Paul Ramadier, député socialiste de l'Aveyron et surtout sous le gouvernement Guy Mollet, a eu la lourde tâche de financer la politique sociale alors que la guerre d'Algérie avait vidé les caisses publiques. Son nom reste indéfectiblement associé à la vignette automobile, introduite en 1956... qui devait servir à financer les retraites et qui ne servit en fait jamais à cette louable finalité jusqu'à sa suppression. Quand en politique on parle d'une supercherie fiscale ont fait référence à cette fameuse vignette. Il semble que dans quelques années on aura un autre repère : les franchises médicales dont le produit doit être attribué par partie à la recherche et au suivi des patients touchés par la maladie d'Alzheimer. Or il n'en est toujours rien mais comme personne ne réagit on peut continuer à faire vivre cetet ponction sur toutes les catégories sociales
Citoyens, malades, professionnels de la santé, bien portants, invalides et valides, sont en effet appelés à payer cette contribution obligatoire, d'un compliqué absolu mais d'une productivité mal évaluée. Personne n'a évalué le coût de la perception de ces 0,50 centimes d'euros par ligne sur une ordonnance ! Bruno-Pascal Chevalier, personne atteinte du sida ayant entamé une grève des soins « pour protester contre ces franchises qui (...) conduisent inévitablement un grand nombre de nos concitoyens à repousser des soins pourtant nécessaires » et à Christian Lehmann porte-parole du Collectif national contre les franchises médicales, initiateur d'une pétition qui compte aujourd'hui près de 130 000 signatures ont appelé à réagir. Pour eux, comme pour beaucoup la pilule est trop dure à avaler et la potion est amère.

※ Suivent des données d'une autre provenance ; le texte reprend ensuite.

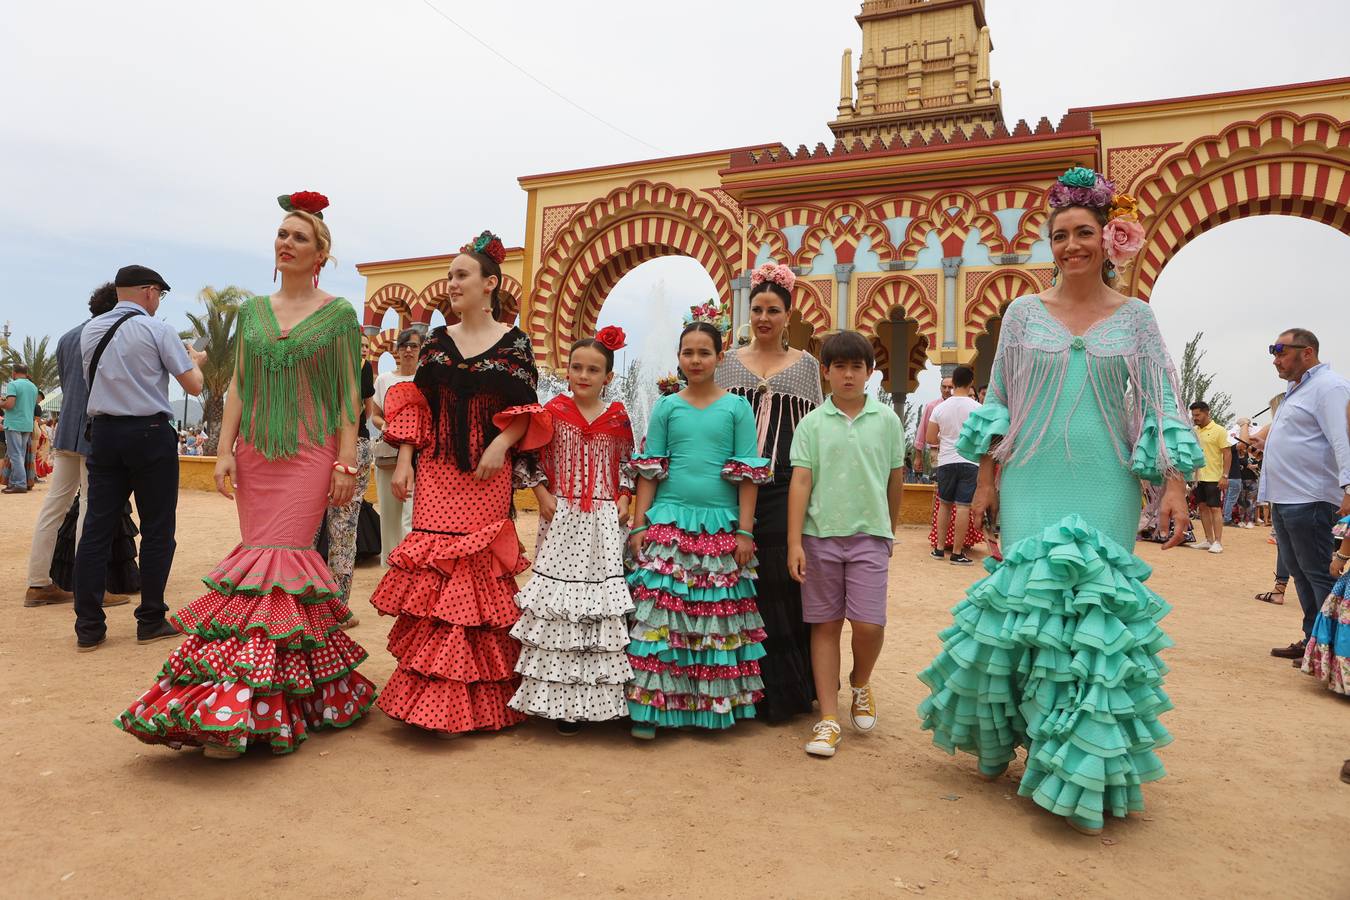 El familiar ambiente del domingo de Feria de Córdoba, en imágenes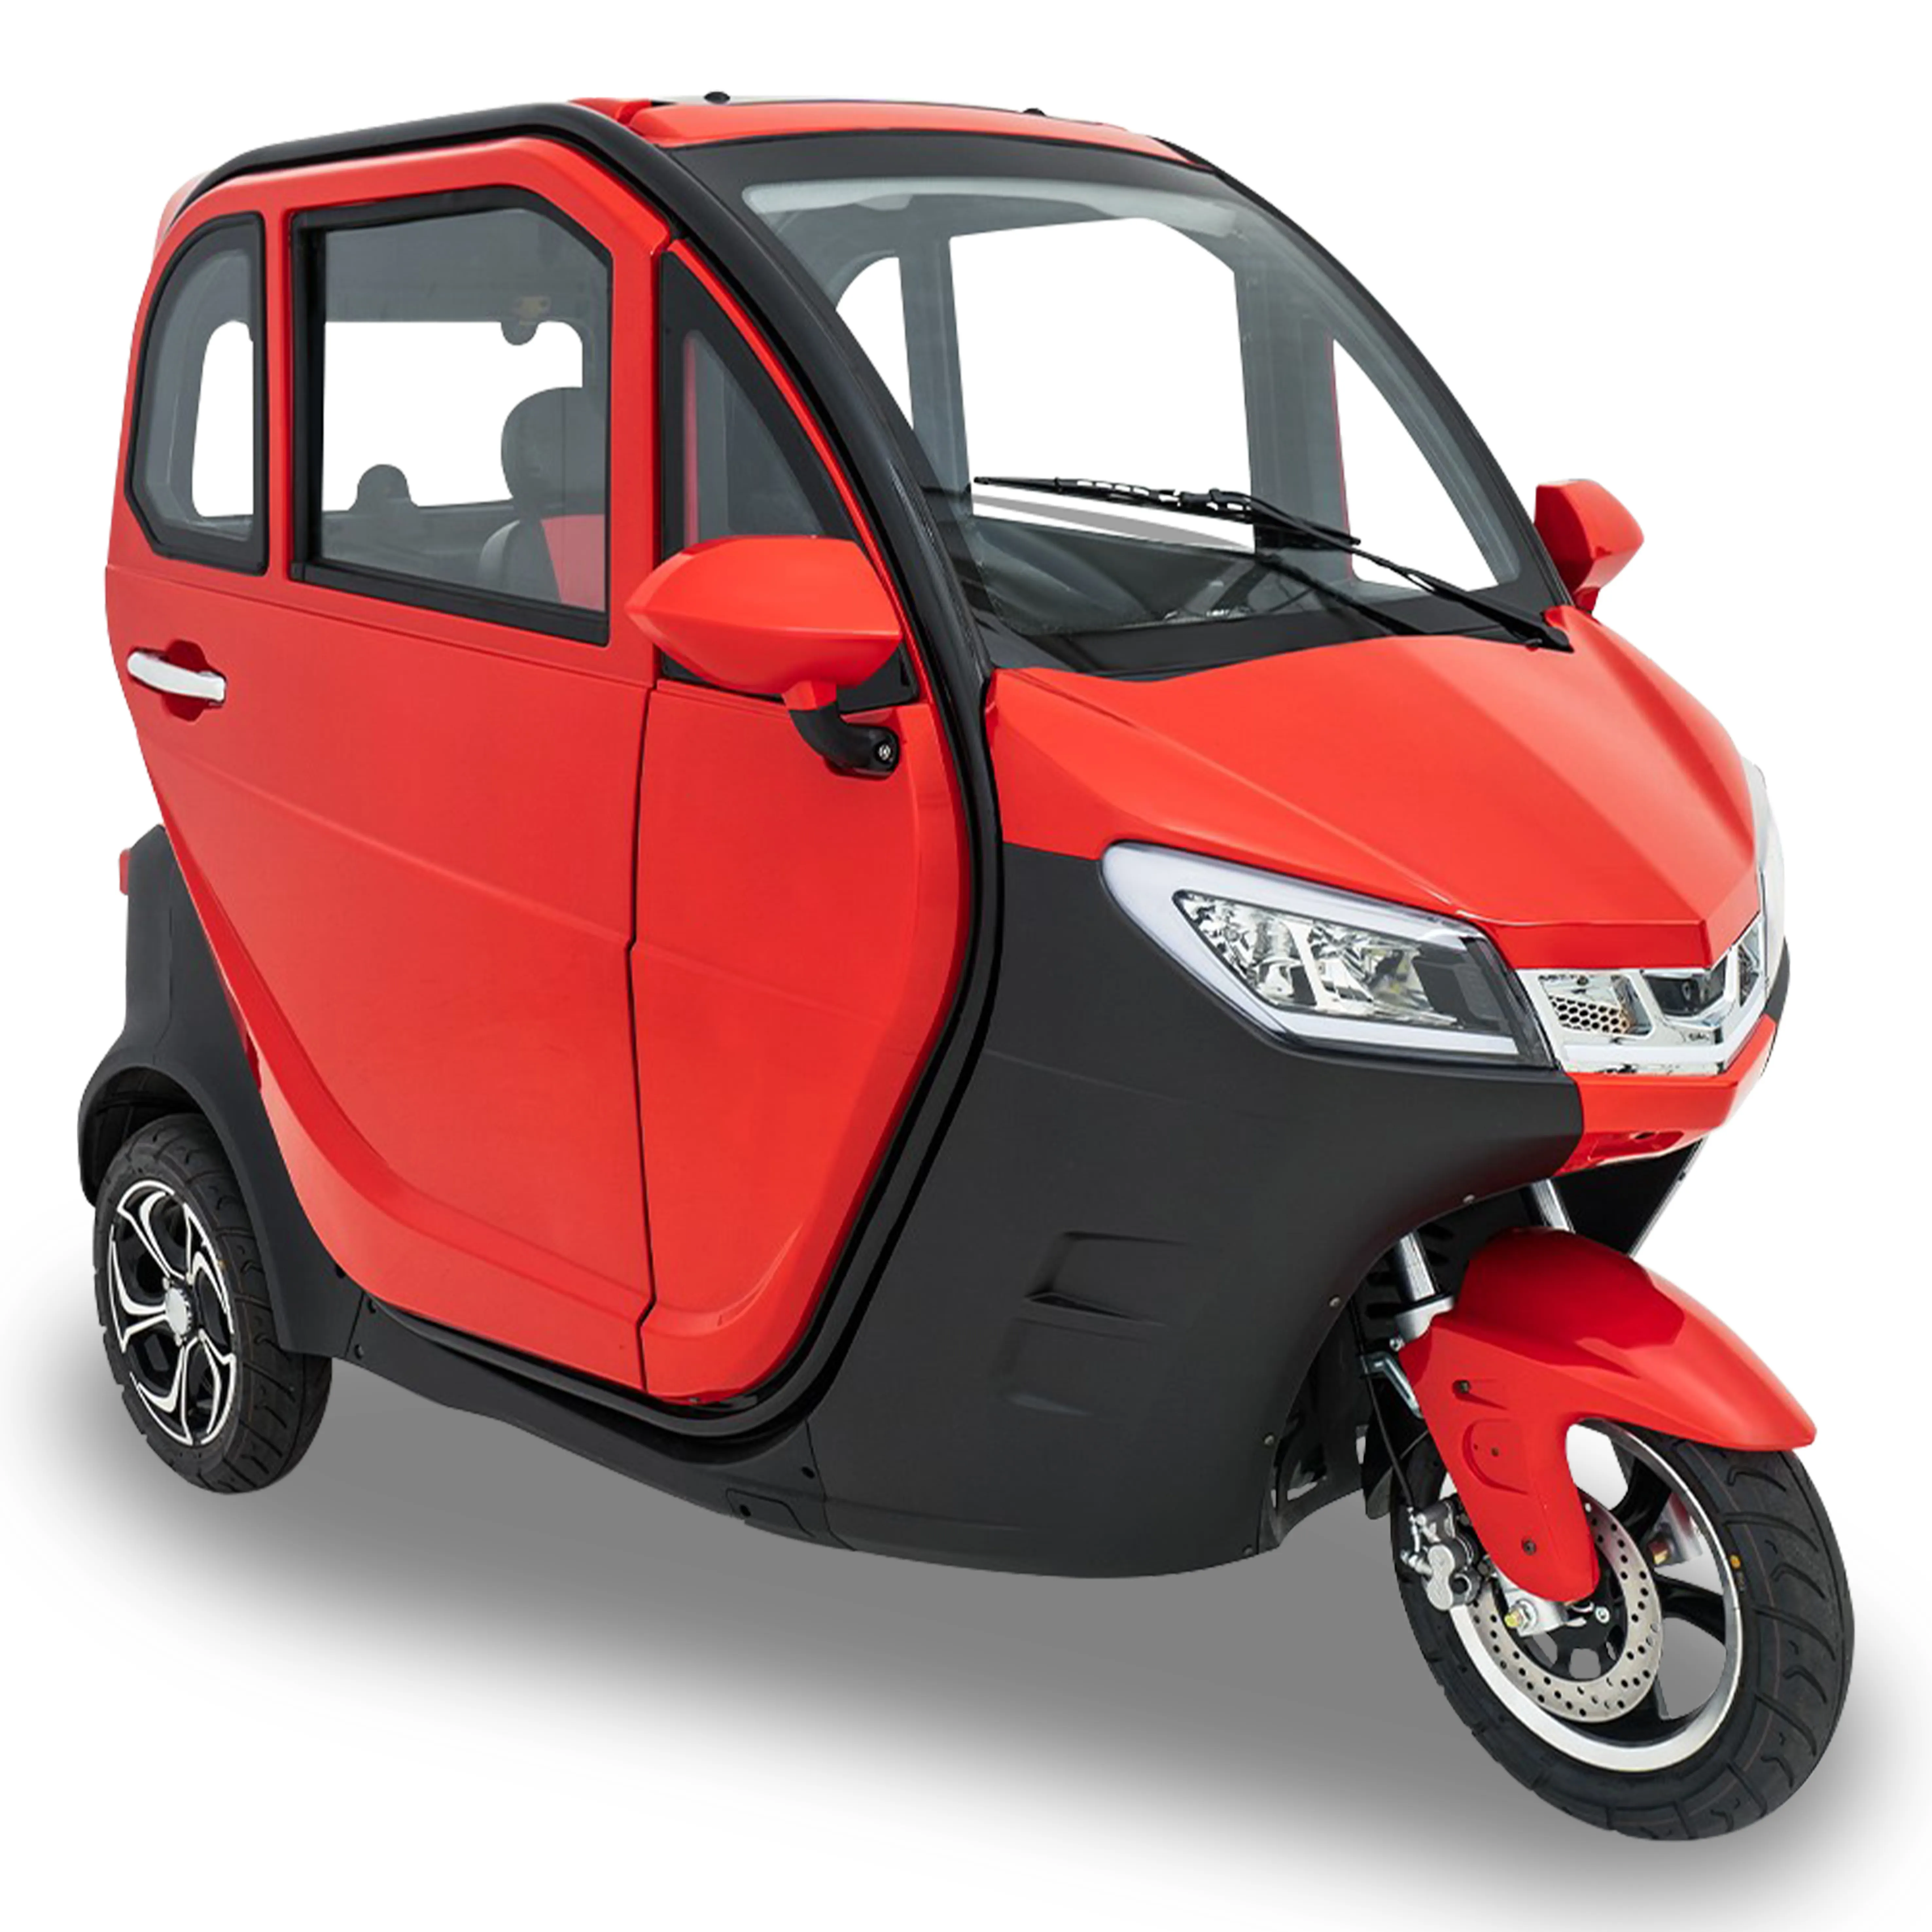 Triciclo con Motor de gasolina y combustible completamente cerrado para llevar pasajeros, motocicleta de tres ruedas para Taxi, nuevo

Plusieurs collectifs et associations invitent à un rassemblement et à un dépôt symbolique de boîtes de médicaments vides devant les Préfectures ou Sous-préfectures. Une action destinée à dénoncer cette ponction injuste sur les malades jugés responsables de leur consommation médicale. Il est indiscutable qu'elles plombent lourdement le budget des ménages les plus modestes et surtout les plus pénalisés par les hasards de la vie ou tout simplement par les conséquences de la pollution, du travail, d'un accident imprévisible . Ce sont les malades chroniques qui paient le plus lourd tribut, dénonce l'association de lutte contre le sida Aides, tout en soulignant que son combat « concerne tous les malades quels qu'ils soient »... et surtout les familles touchées par la maladie d'Alzheimer car elles ont vécu dans l'espoir de moyens supplémentaires alors que rien ne vient et qu'elles ont déjà payé leur participation sociale décrétée par le formidable Ministre de la Santé !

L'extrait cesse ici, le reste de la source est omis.